LaVaughn Macon

No. 1
- Position: Wide receiver

Personal information
- Born: October 21, 1987 (age 38)
- Listed height: 5 ft 7 in (1.70 m)
- Listed weight: 170 lb (77 kg)

Career information
- College: New Mexico Highlands
- NFL draft: 2009: undrafted

Career history
- BC Lions (2009–2010)*; Saginaw Sting (2011); Wyoming Cavalry (2012); Bloomington Edge (2013); Utah Blaze (2013); Bloomington Edge (2014); Los Angeles KISS (2015)*; New Mexico Stars (2016);
- * Offseason or practice squad member only

Awards and highlights
- 2nd Team All-UIFL (2011); Ultimate Bowl I Champion (2011); Honorable Mention Special Teams Player of the Year (2013); 2nd Team All-CPIFL (2014);

Career AFL statistics
- Receptions: 7
- Yards: 145
- Touchdowns: 1
- Kickoff return yards: 243
- Kickoff return TDs: 1
- Stats at ArenaFan.com

= LaVaughn Macon =

American football player (born 1987)

LaVaughn Macon (born October 21, 1987) is an American former professional football wide receiver. Macon was signed by the BC Lions as an undrafted free agent in 2009. Macon completed his college career at New Mexico Highlands University.

==College career==

===Santa Monica College===
After high school Macon attended Santa Monica College in Santa Monica, California, where he continued his football career. Macon played as a running back for the Corsairs.

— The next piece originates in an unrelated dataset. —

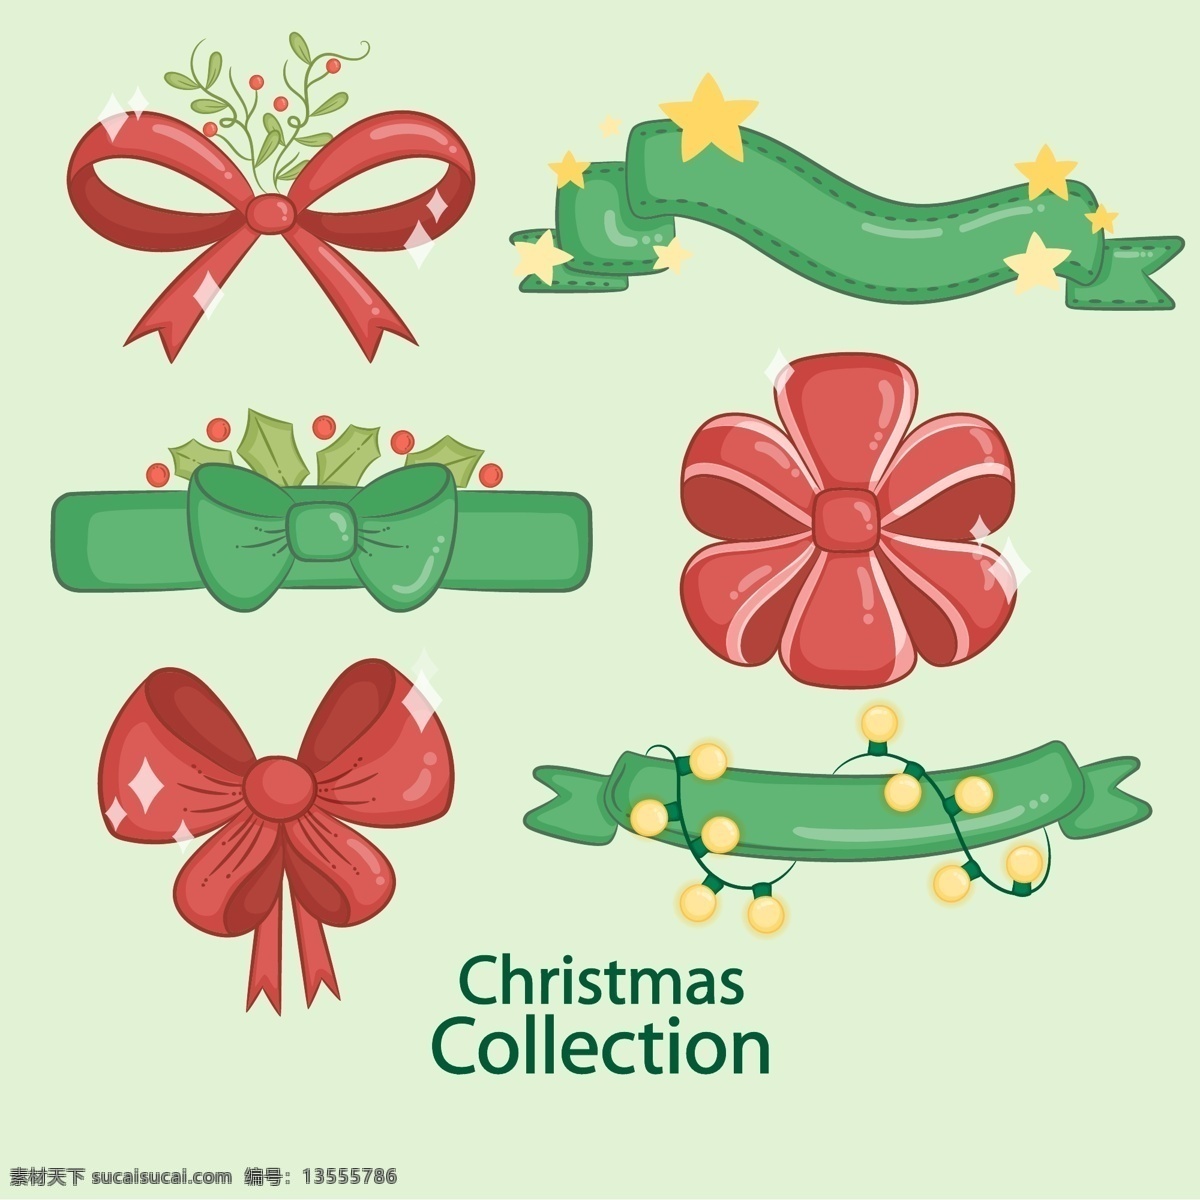 绿色 红色 圣诞 元素 丝带 圣诞节 矢量素材 蝴蝶结 装饰素材 ai素材

===New Mexico Highlands===
After earning his degree from Santa Monica, Maco continued his football career at New Mexico Highlands University. In his junior year, Macon played in 9 games, rushing 22 times for 82-yards, while also catching 10 passes for 59-yards and one touchdown. Macon also returned a team high, 8 kickoffs for 198 yards. As a senior in 2008, Macon played in 10 games, rushing 8 times for 16-yards, while catching 29 passes for 309-yards and a touchdown. Macon also returned 16 kickoffs for 364-yards and 2 punts for 16-yards.

==Professional career==

===BC Lions===
After graduation, Macon signed BC Lions of the Canadian Football League, where he spent two years as a practice squad member.

===Saginaw Sting===
In 2011, Macon signed with the Saginaw Sting of the Ultimate Indoor Football League. His 101 receptions for 1,184 yards and 32 touchdowns earned him a 2nd Team All-UIFL selection. The Sting earned the 2nd seed in the UIFL playoffs, and defeated the Eastern Kentucky Drillers in Ultimate Bowl I.

===Wyoming Cavalry===
In 2012, Macon played for the Wyoming Cavalry of the Indoor Football League. Macon posted 53 receptions for 573 yards and 10 touchdowns. Macon also had 28 kickoff returns for 408 yards and 1 touchdown.

===Bloomington Edge===
In 2013, Macon played for the Bloomington Edge of the Champions Professional Indoor Football League. Macon's return skills earned him honorable mention Special Teams Player of the Year.

===Utah Blaze===
Macon joined the Utah Blaze of the Arena Football League at the completion of the Edge season. Macon pulled in 7 passes for the Blaze during their final 3 games, but his special teams presence made his presence felt. In the Blaze's final game of the season, Macon had 186-yards on 6 kickoff returns, returning one kickoff 54-yards for a touchdown.

===Los Angeles KISS===
On March 18, 2015, Macon was assigned to the Los Angeles KISS. On March 20, 2015, Macon was placed on recallable reassignment.

===New Mexico Stars===
Macon signed with the New Mexico Stars for the 2016 season.